Department of Statistics, The University of Chicago, 5734 S. University Ave., Chicago, IL 60637.
Department of Medicine, The University of Chicago, 5734 S. University Ave., Chicago, IL 60637.
Genet Epidemiol. 2010 Apr;34(3):222-231. doi: 10.1002/gepi.20452.
In the setting of genome-wide association studies, we propose a method for assigning a measure of significance to pre-defined sets of markers in the genome.

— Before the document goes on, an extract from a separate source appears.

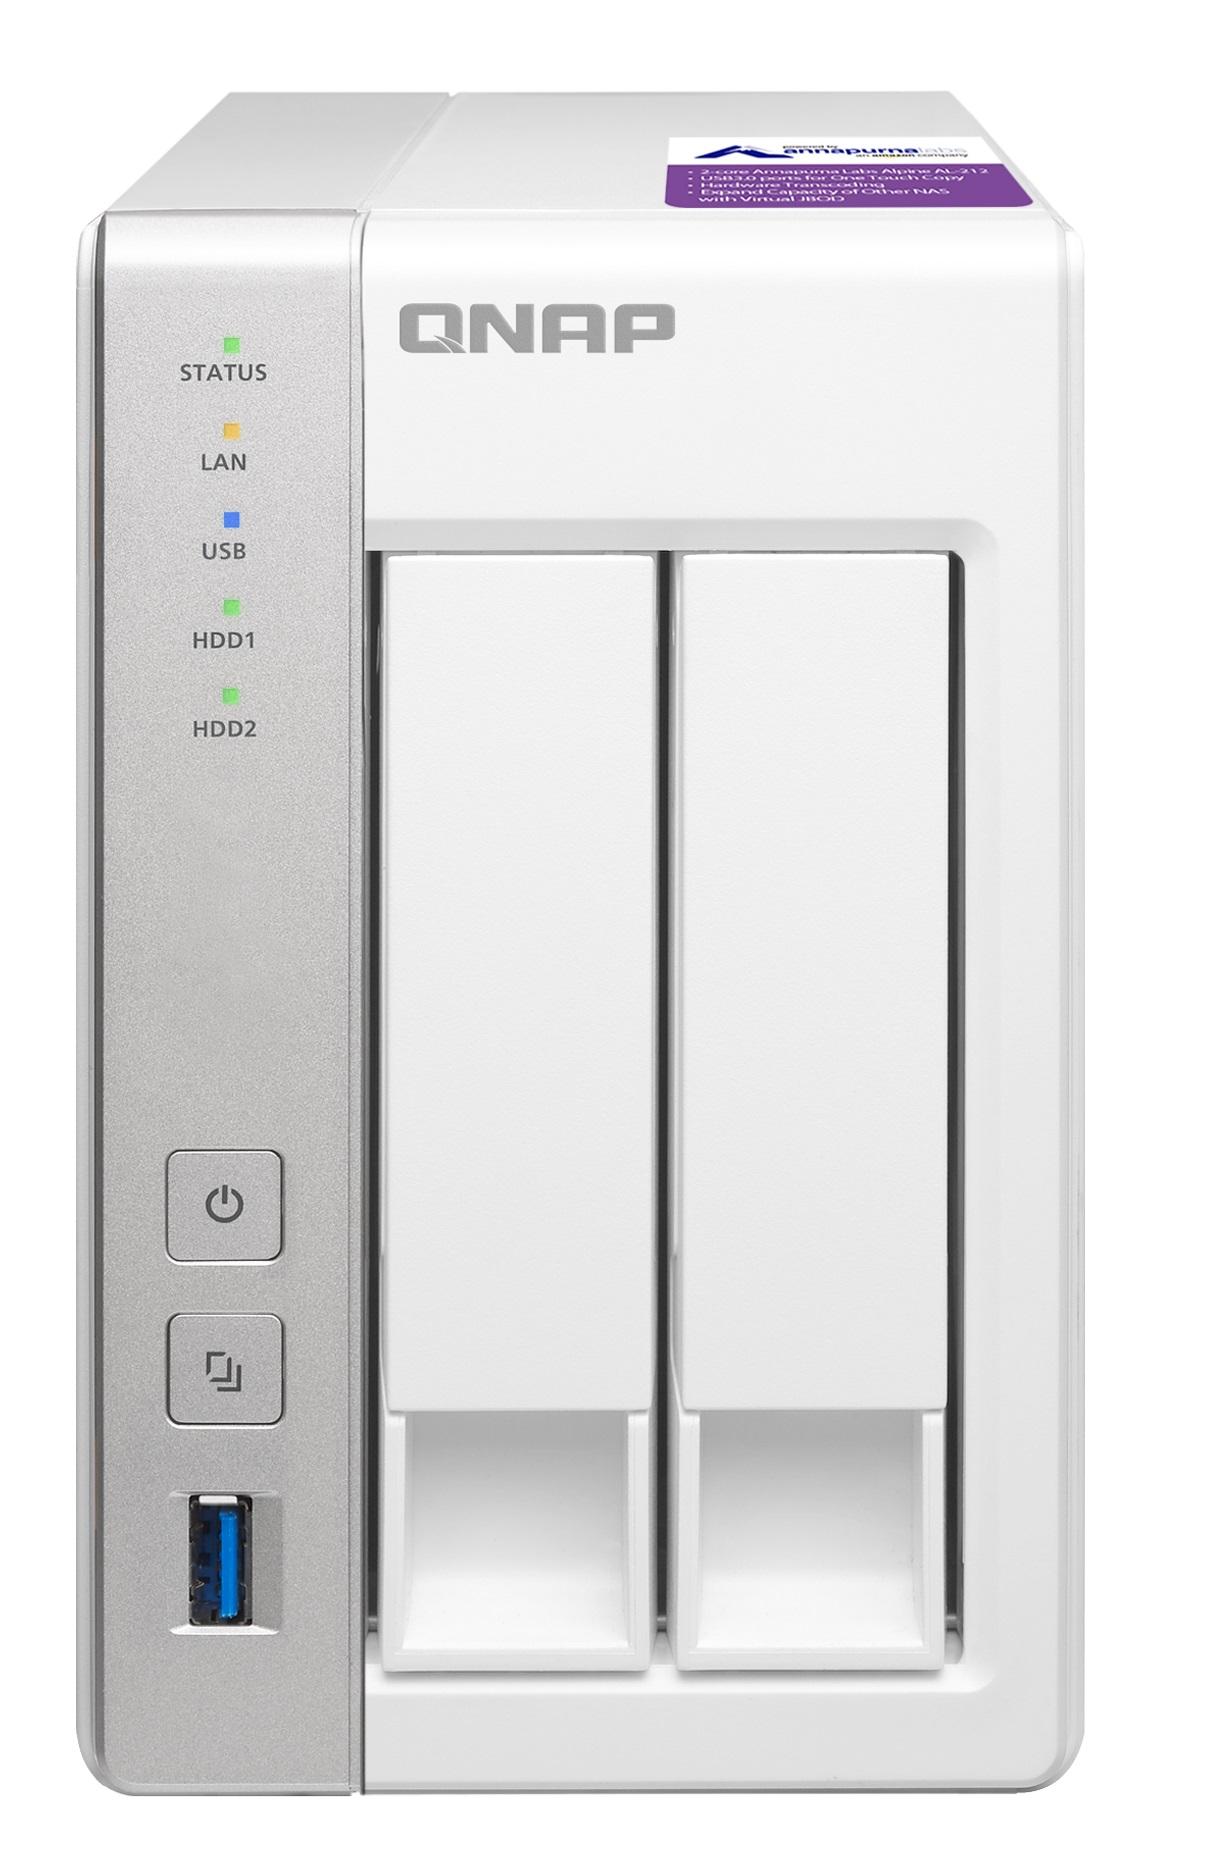 QNAP 2-Bay TurboNAS, SATA 6G, 1,7GHz 2-Core, 1GB RAM, 2x GbE LAN, 3xUSB 3.0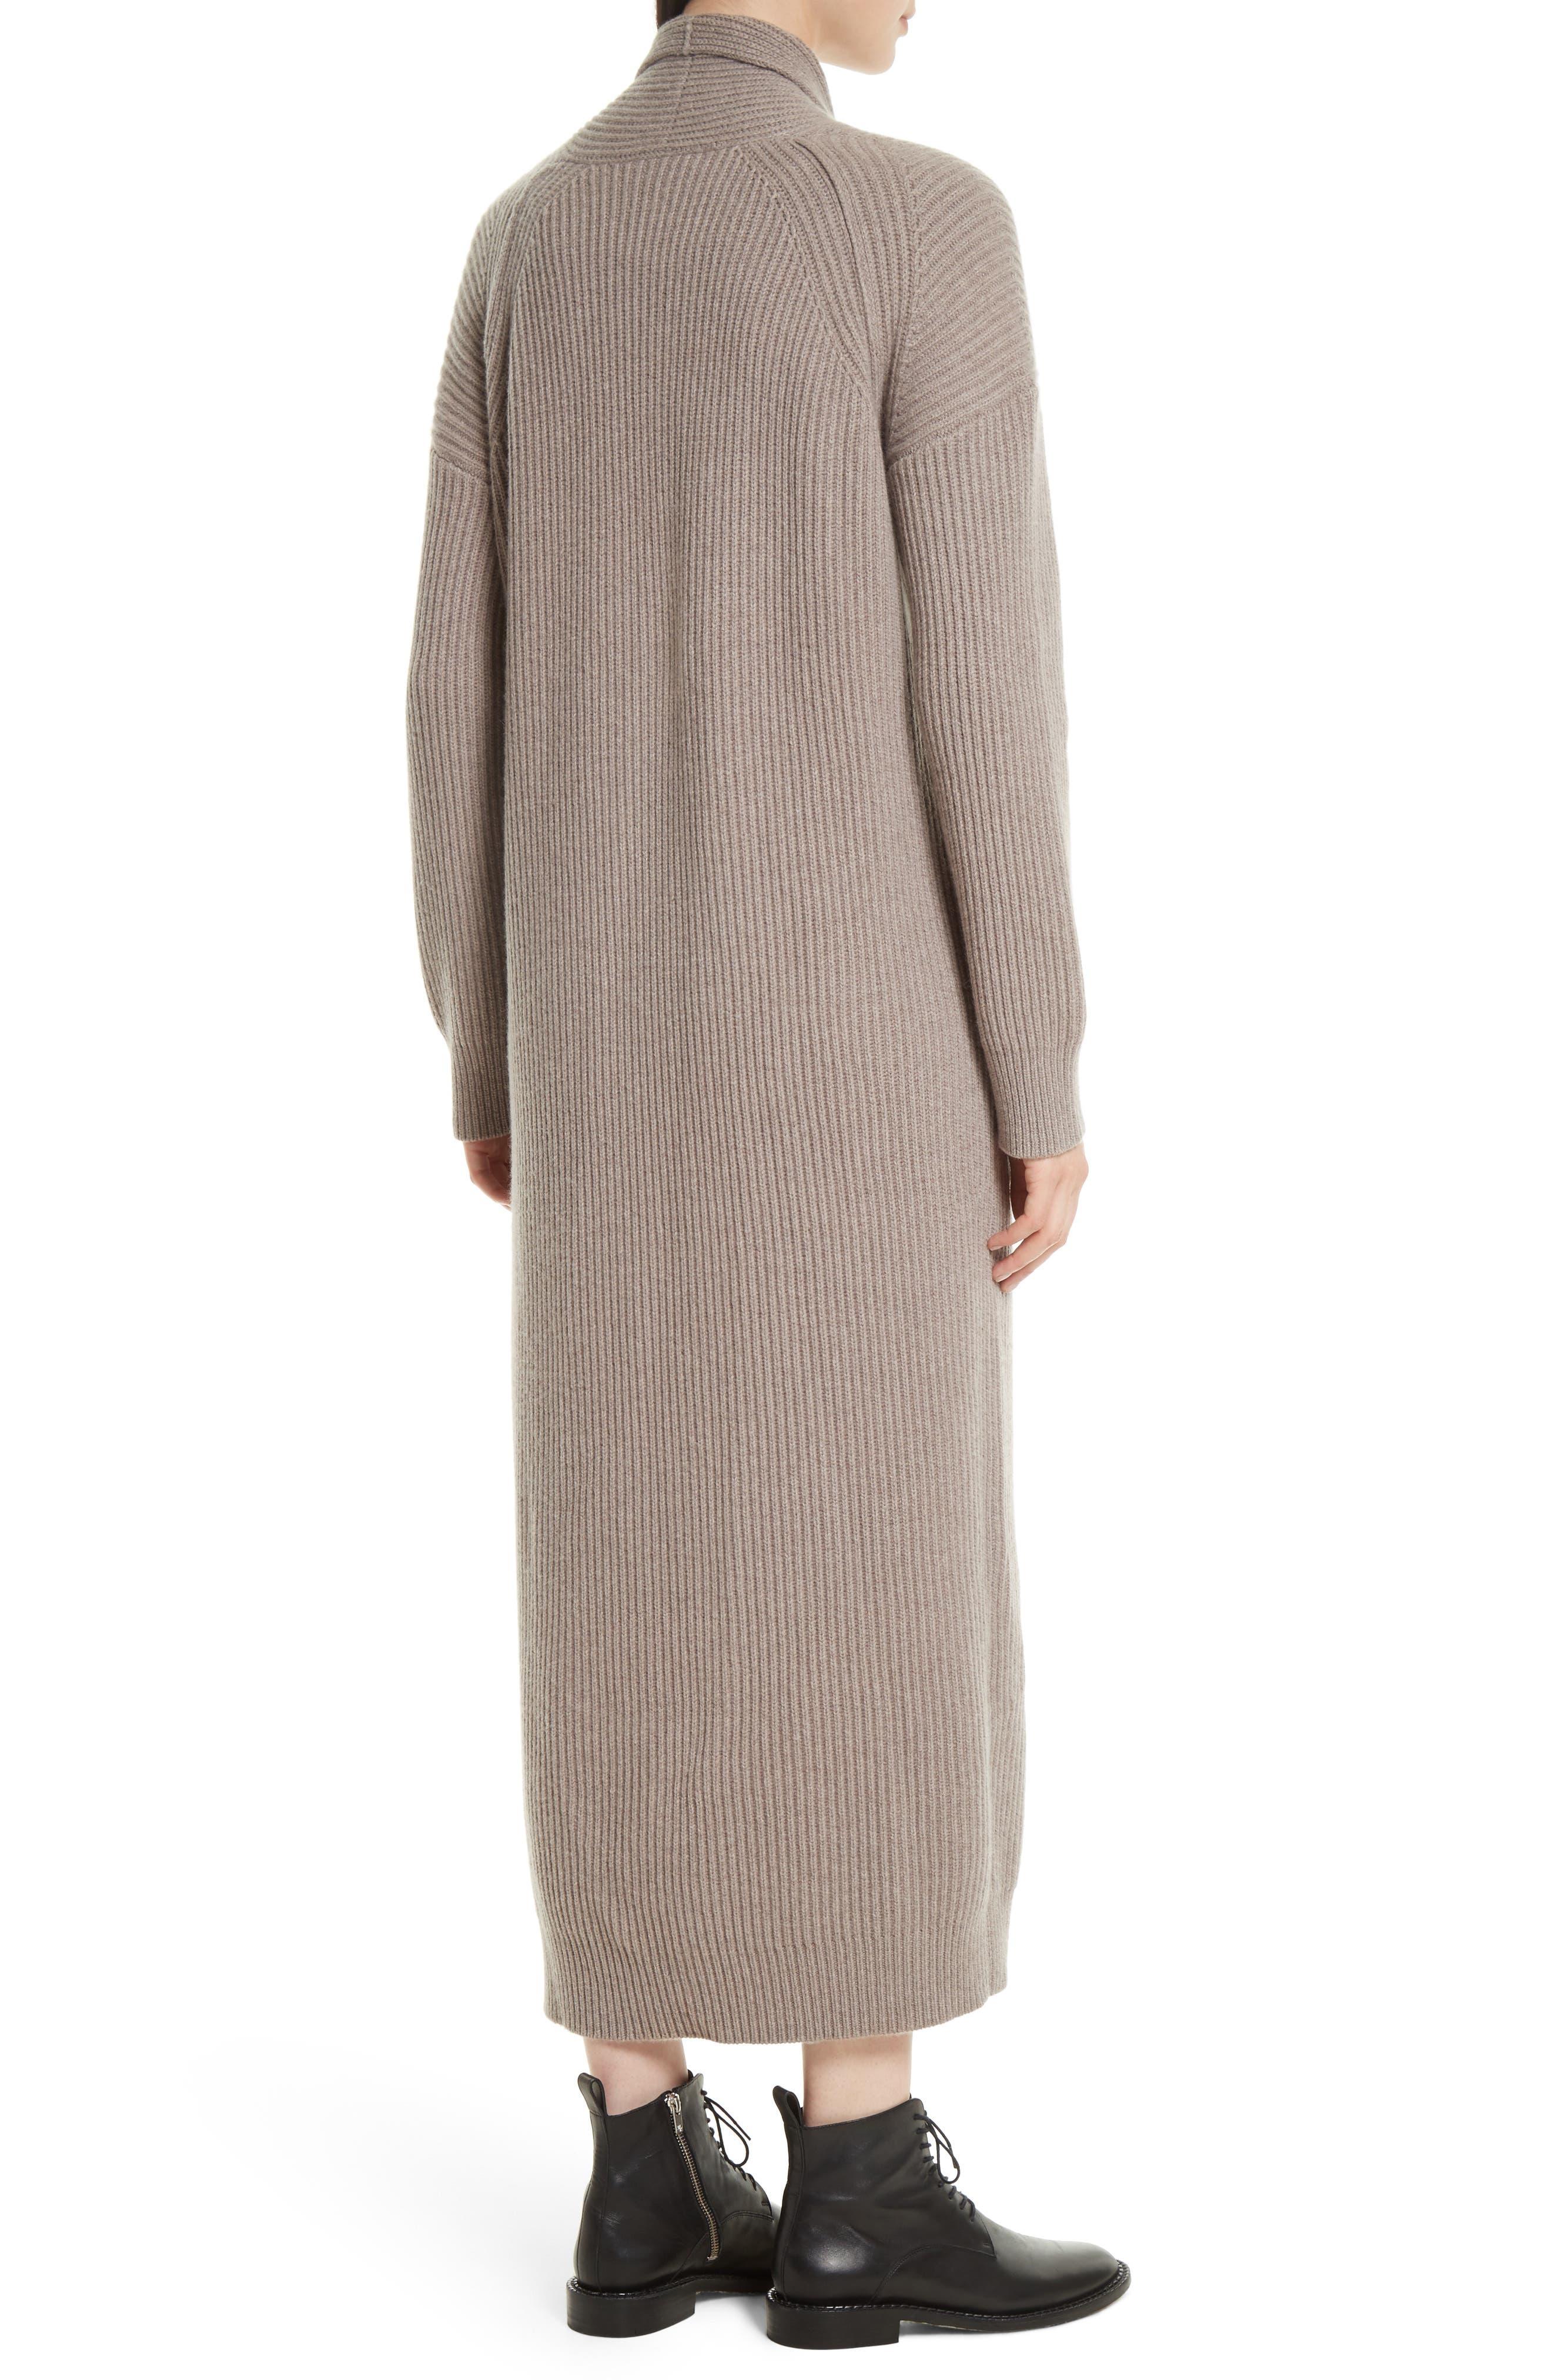 VINCE,                             Long Knit Sweater Robe,                             Alternate thumbnail 2, color,                             260

The sets can be genes, conserved regions, or groups of genes such as pathways. Using the proposed methods and algorithms, evidence for association between a particular functional unit and a disease status can be obtained not just by the presence of a strong signal from a SNP within it, but also by the combination of several simultaneous weaker signals that are not strongly correlated. This approach has several advantages. First, moderately strong signals from different SNPs are combined to obtain a much stronger signal for the set, therefore increasing power. Second, in combination with methods that provide information on untyped markers, it leads to results that can be readily combined across studies and platforms that might use different SNPs. Third, the results are easy to interpret, since they refer to functional sets of markers that are likely to behave as a unit in their phenotypic effect. Finally, the availability of gene-level P-values for association is the first step in developing methods that integrate information from pathways and networks with genome-wide association data, and these can lead to a better understanding of the complex traits genetic architecture. The power of the approach is investigated in simulated and real datasets. Novel Crohn's disease associations are found using the WTCCC data.
在全基因组关联研究中,我们提出了一种方法,用于为基因组中预先定义的标记集分配显著性度量。这些标记集可以是基因、保守区域或基因群,如途径。使用提出的方法和算法,可以通过特定功能单元与疾病状态之间的关联的证据,不仅来自其中 SNP 的强信号,还可以来自几个同时存在但相关性不强的较弱信号的组合。这种方法有几个优点。首先,来自不同 SNP 的中等强度信号被组合在一起,为集合获得了更强的信号,从而提高了功效。其次,与提供未分型标记信息的方法相结合,它可以得到易于在不同研究和平台之间组合的结果,这些平台可能使用不同的 SNP。第三,结果易于解释,因为它们涉及到功能标记集,这些标记集在表型效应中可能表现为一个单元。最后,基因水平关联的 P 值的可用性是开发将途径和网络信息与全基因组关联数据集成的方法的第一步,这些方法可以更好地理解复杂性状的遗传结构。在模拟和真实数据集上研究了该方法的功效。使用 WTCCC 数据发现了新的克罗恩病关联。